Сама разработка и широкое применение метода свободных ассоциаций выходили за пределы психоанализа, так как сам этот метод нашел широкое применение в различных областях. «Понятие „ассоциация“ — одно из древнейших в психологии… различным видам ассоциаций было посвящено множество психологических трактатов, — писал М. Г. Ярошевский, разъясняя суть и значение этой инновации Фрейда. — Во всех случаях ставилась задача изучить работу сознания. Фрейд же использовал материал ассоциаций в других целях. Он искал в этом материале путь в область неосознаваемых побуждений, намеки на то, что происходит в „кипящем котле“ аффектов, влечений. Для этого, полагал он, ассоциации следует вывести из-под контроля сознания. Они должны стать свободными. Так родилась главная процедура психоанализа, его основной технический прием. Пациенту предлагалось в расслабленном состоянии (обычно лежа на кушетке) непринужденно говорить обо всем, что приходит ему в голову, „выплескивать“ свои ассоциации, какими бы странными возникающие мысли ни казались. В тех случаях, когда пациент испытывал замешательство, начинал запинаться, повторял несколько раз одно и то же слово, жаловался на то, что не в состоянии припомнить что-либо, Фрейд останавливал на этих реакциях свое внимание, предполагая, что в данном случае его больной, сам того не подозревая, сопротивляется некоторым своим тайным мыслям, причем сопротивляется не умышленно, как бывает в тех случаях, когда человек стремится намеренно что-либо утаить, а неосознанно. Для этого, конечно, должны быть какие-то причины особой, „тормозящей“ активности психики. Еще раз подчеркнем, что такая особая, обладающая большой энергией сопротивляемость, открытая Фрейдом в его медицинском опыте, в кропотливом анализе реакций его пациентов, явилась принципиально важным новым словом в понимании устройства человеческой психики»[98]

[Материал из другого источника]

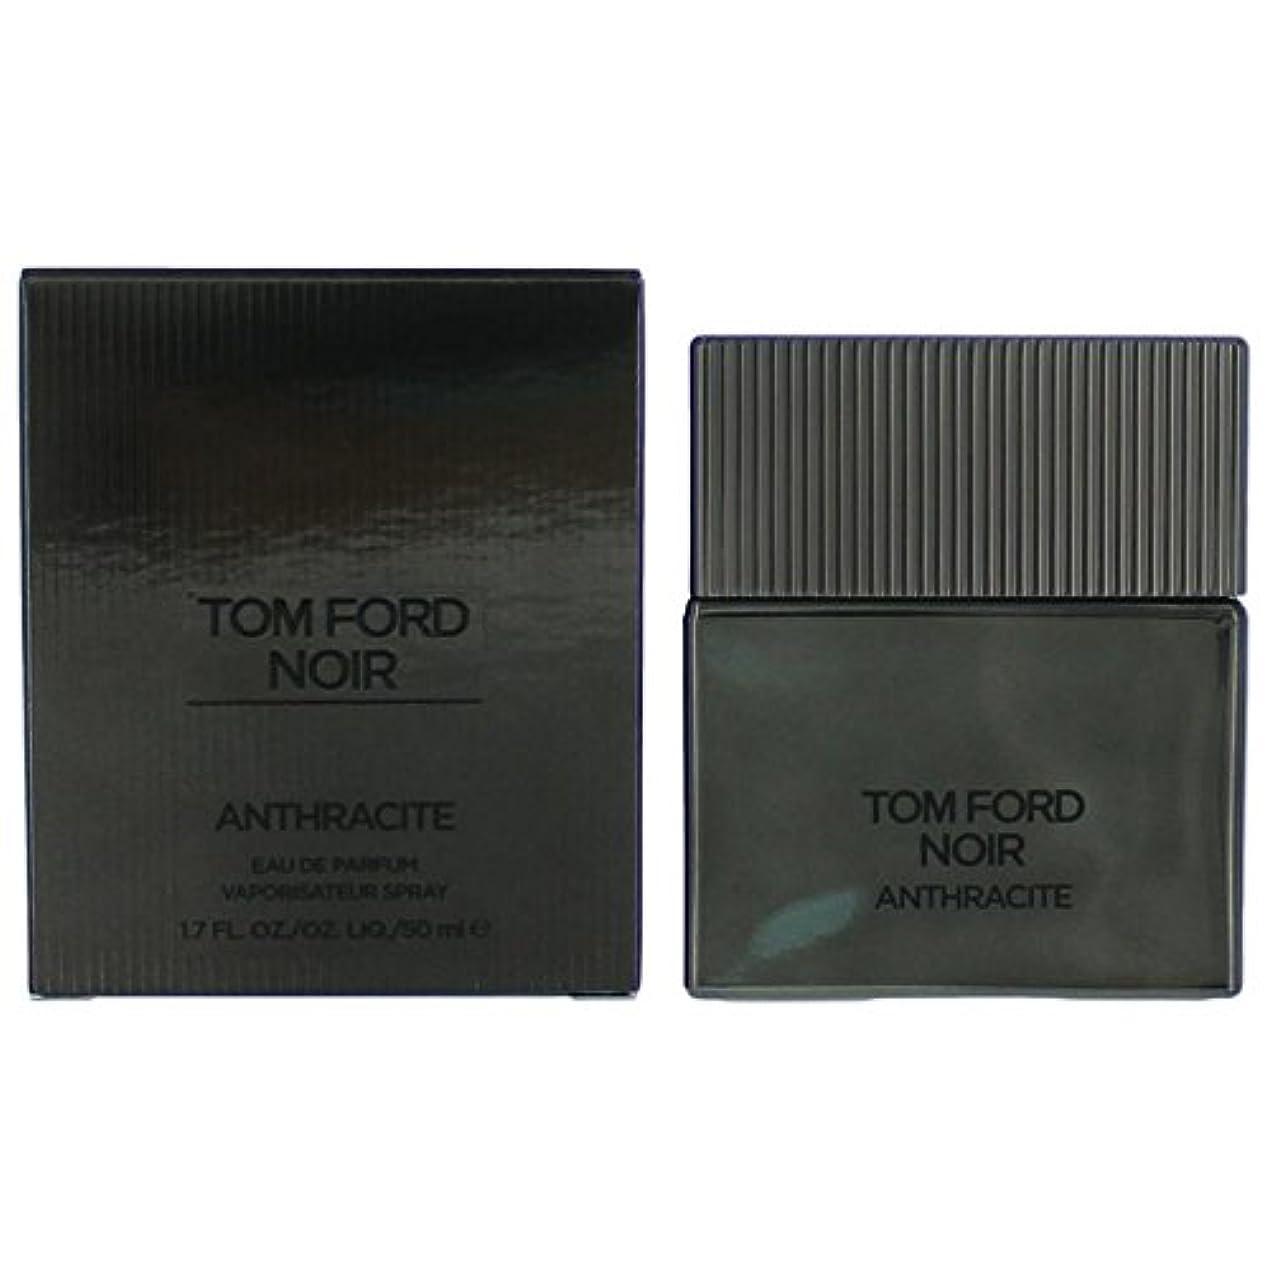 サーカス知り合いになる前進Tom Ford Noir Anthracite (トムフォード ノワール アンソラシット) 1.7 oz (50ml) EDP Spray for Men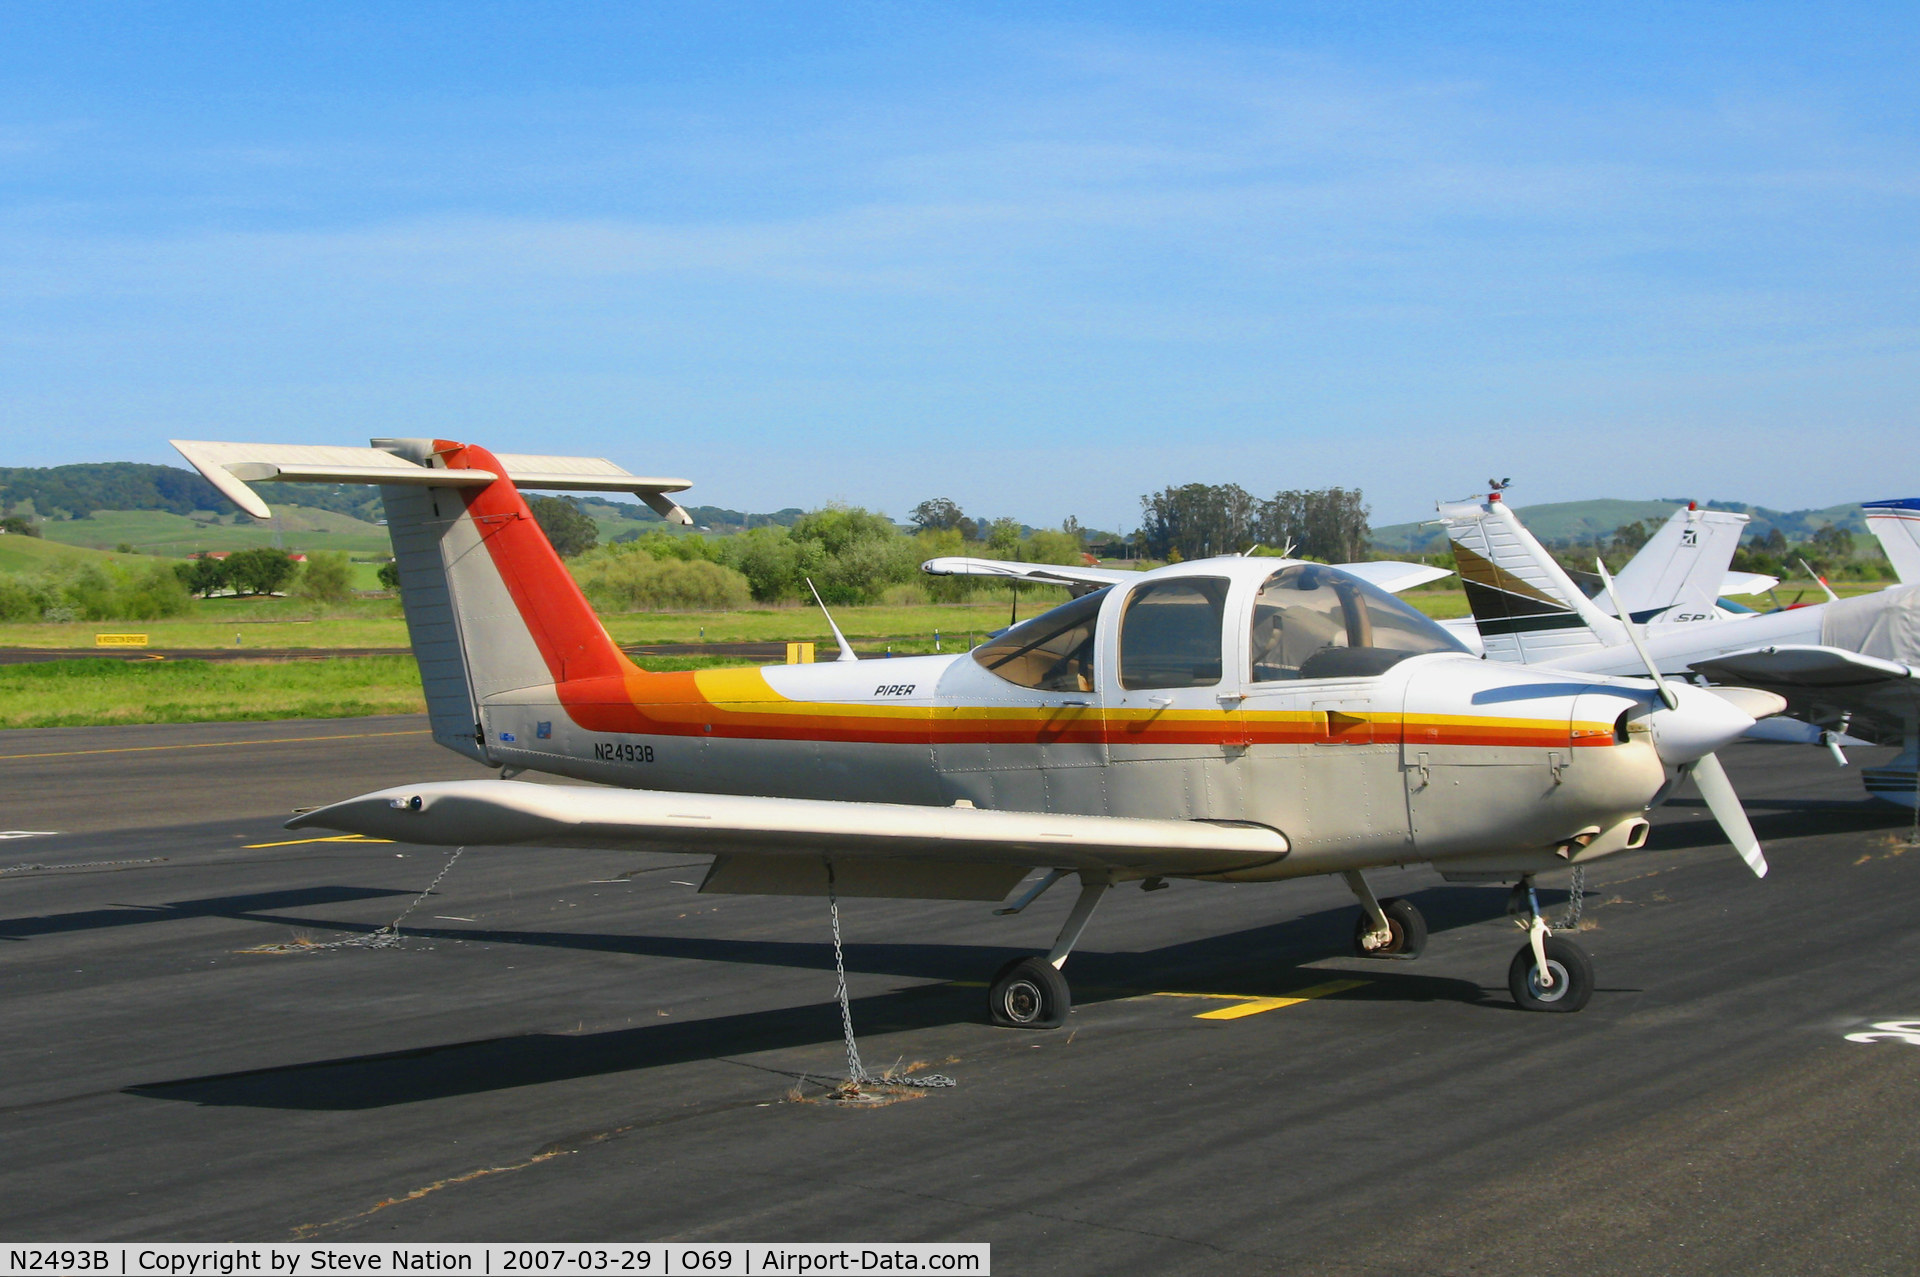 N2493B, 1978 Piper PA-38-112 C/N 38-79A0089, 1978 Piper PA-38-112 @ Petaluma, CA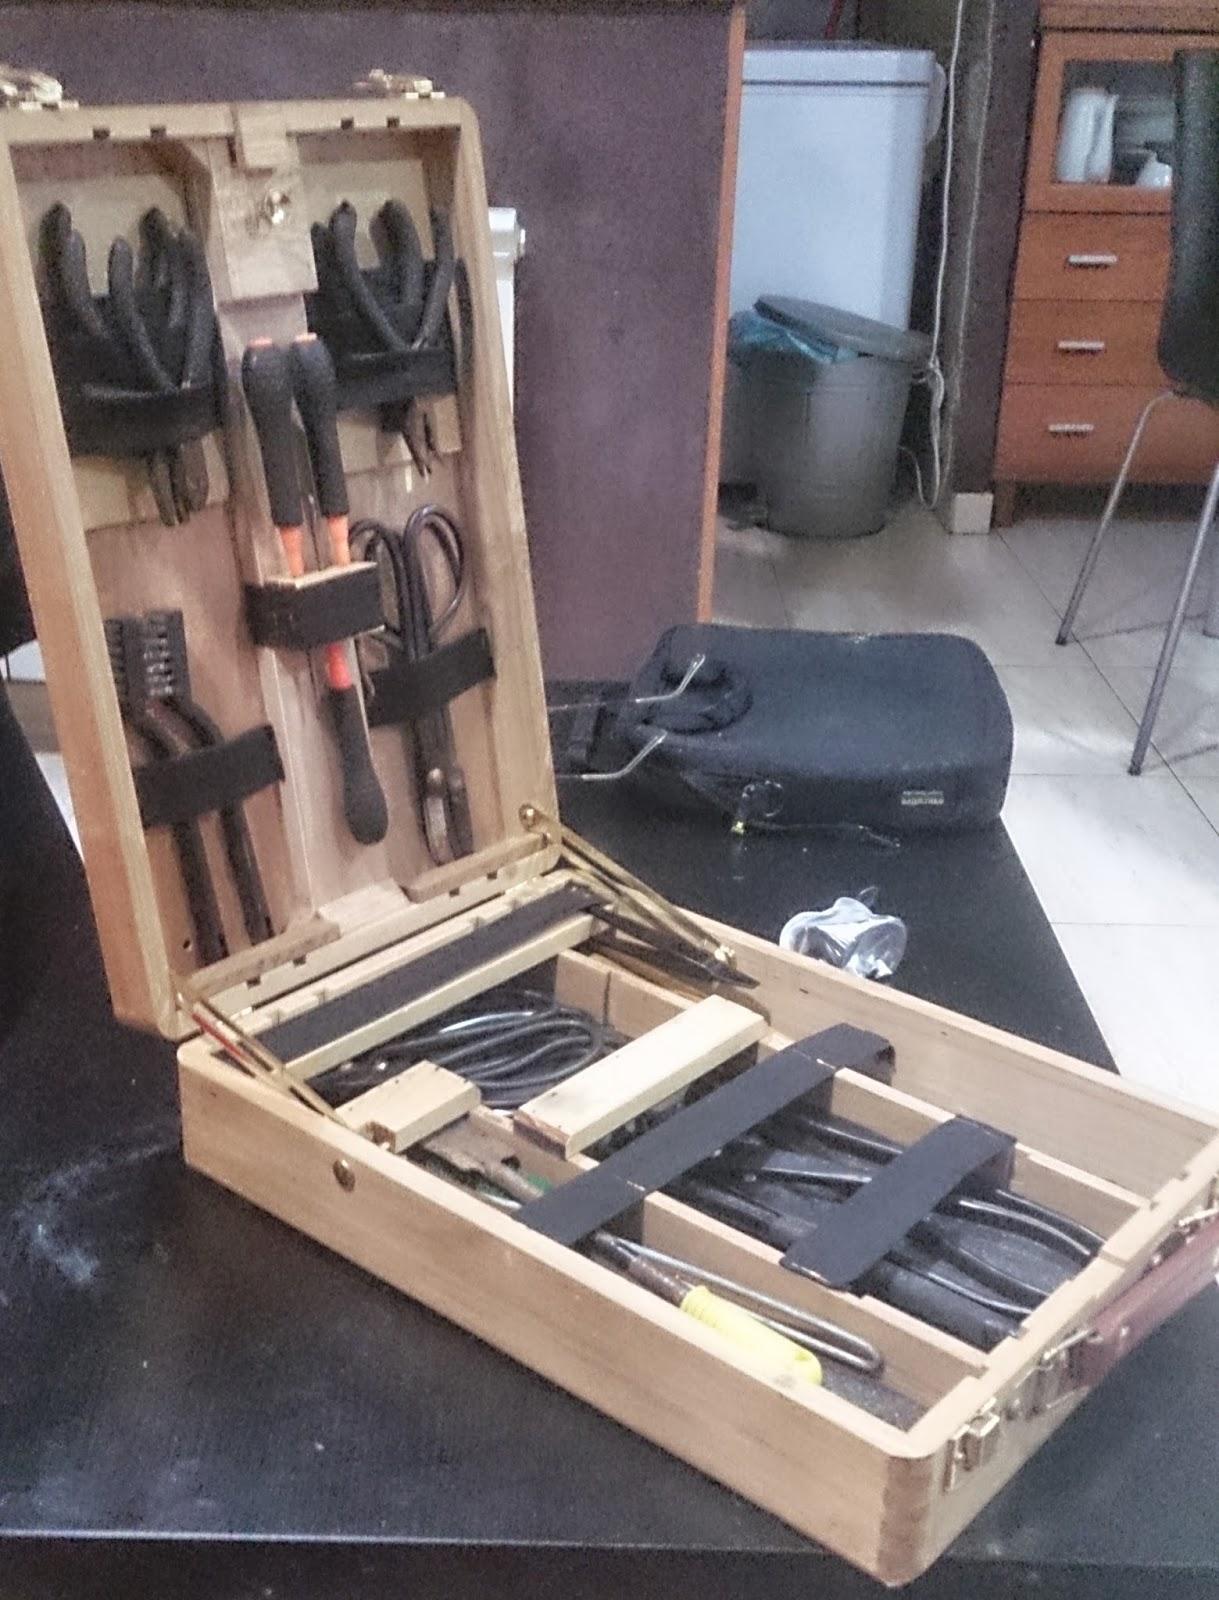 Expr sion bons i la caja de herramientas i for Bricolaje casero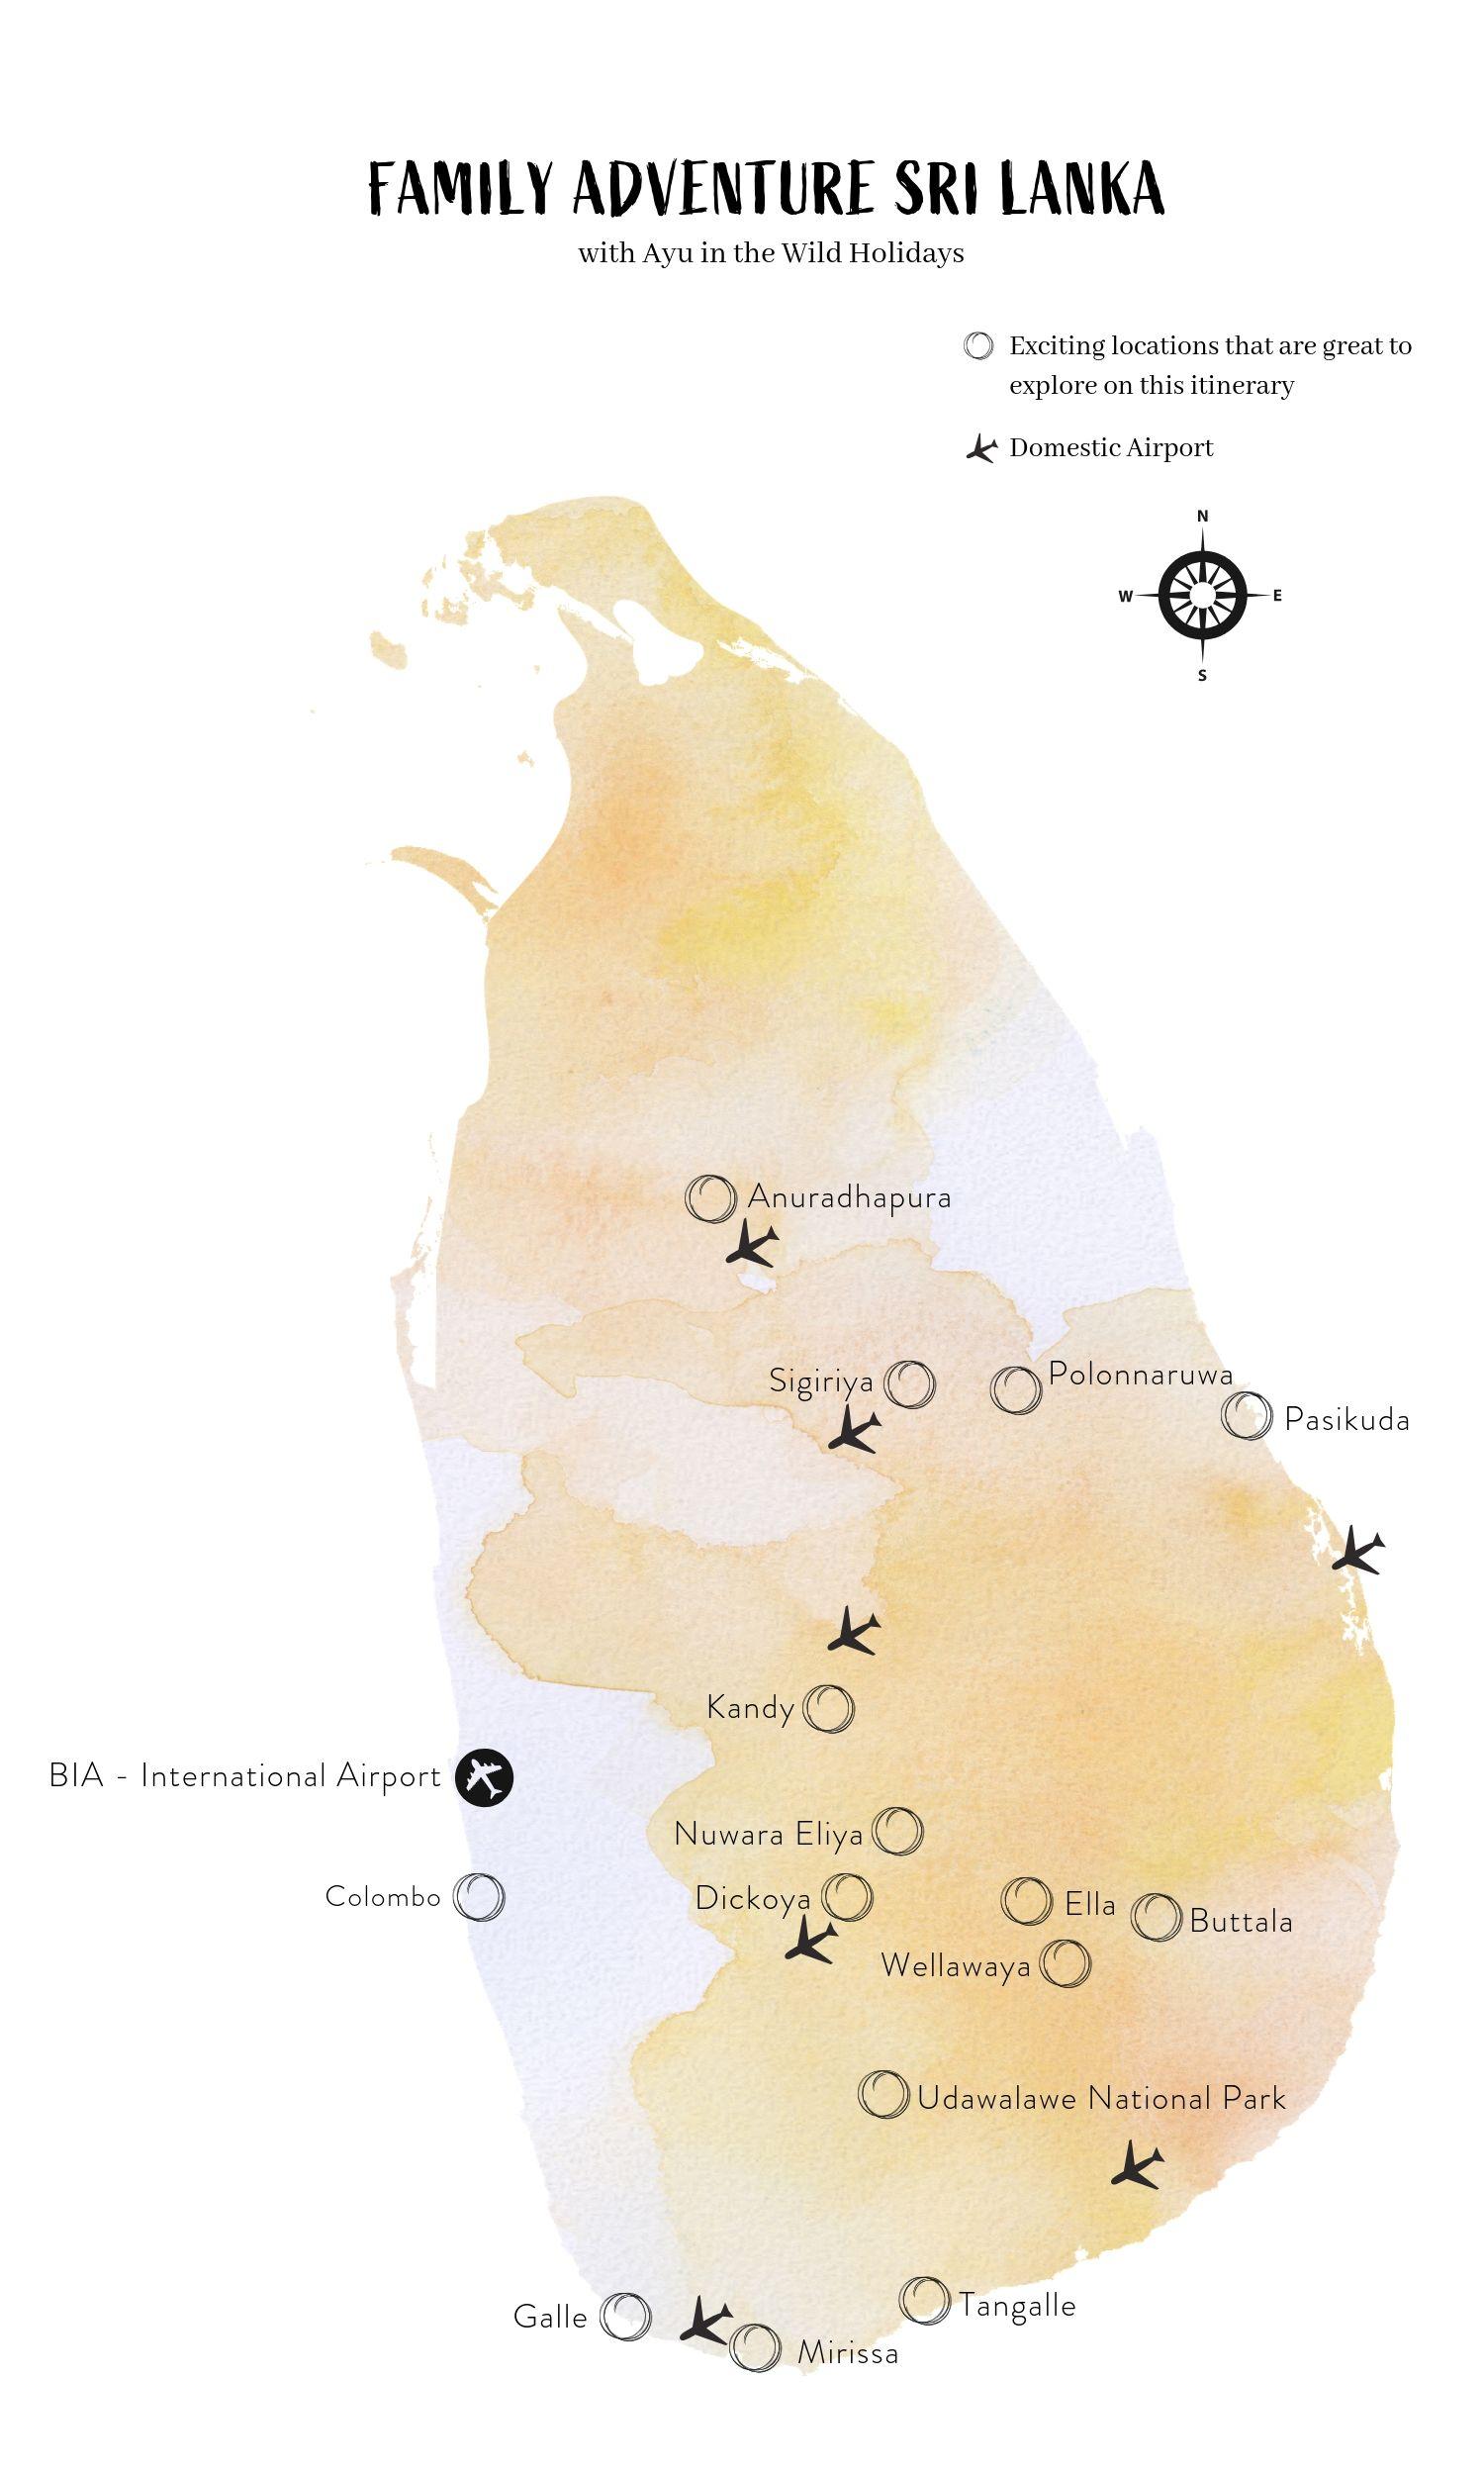 3 Family Adventure Sri Lanka.jpg

.Вместе с тем «Этюды об истерии» были в определенном смысле слова революционными не только и не столько потому, что содержали в себе целый ряд основополагающих тезисов будущего фрейдизма.
Как уже отмечалось, сам стиль или, как сейчас принято говорить, формат книги определял именно Фрейд, а не Брейер. И именно в «Этюдах об истерии» Фрейд и реализовал свою неутоленную жажду к писательской славе, создав некий новый жанр — «медицинская история». Фигура врача-писателя не была чем-то новым в мировой литературе, и многие врачи использовали в качестве сюжетов случаи из своей практики. Рассказы о душевной жизни женщины, в которые тесно вплетались ее самые интимные переживания, тоже уже были достаточно распространены в мировой литературе, и тут Фрейд вряд ли мог тягаться с Флобером или входившим в моду Цвейгом. Но в том-то и заключалась «изюминка», что Фрейд представлял все свои истории как абсолютно документальные, одновременно строя их вроде некого «медицинского детектива», в котором читатель оказывается в творческой лаборатории врача. Подлинная же тайна пациента раскрывается лишь ближе к концу, на основе исповеди, приоткрывающей те интимные стороны жизни, о которых в то время столь открыто говорить было еще не принято.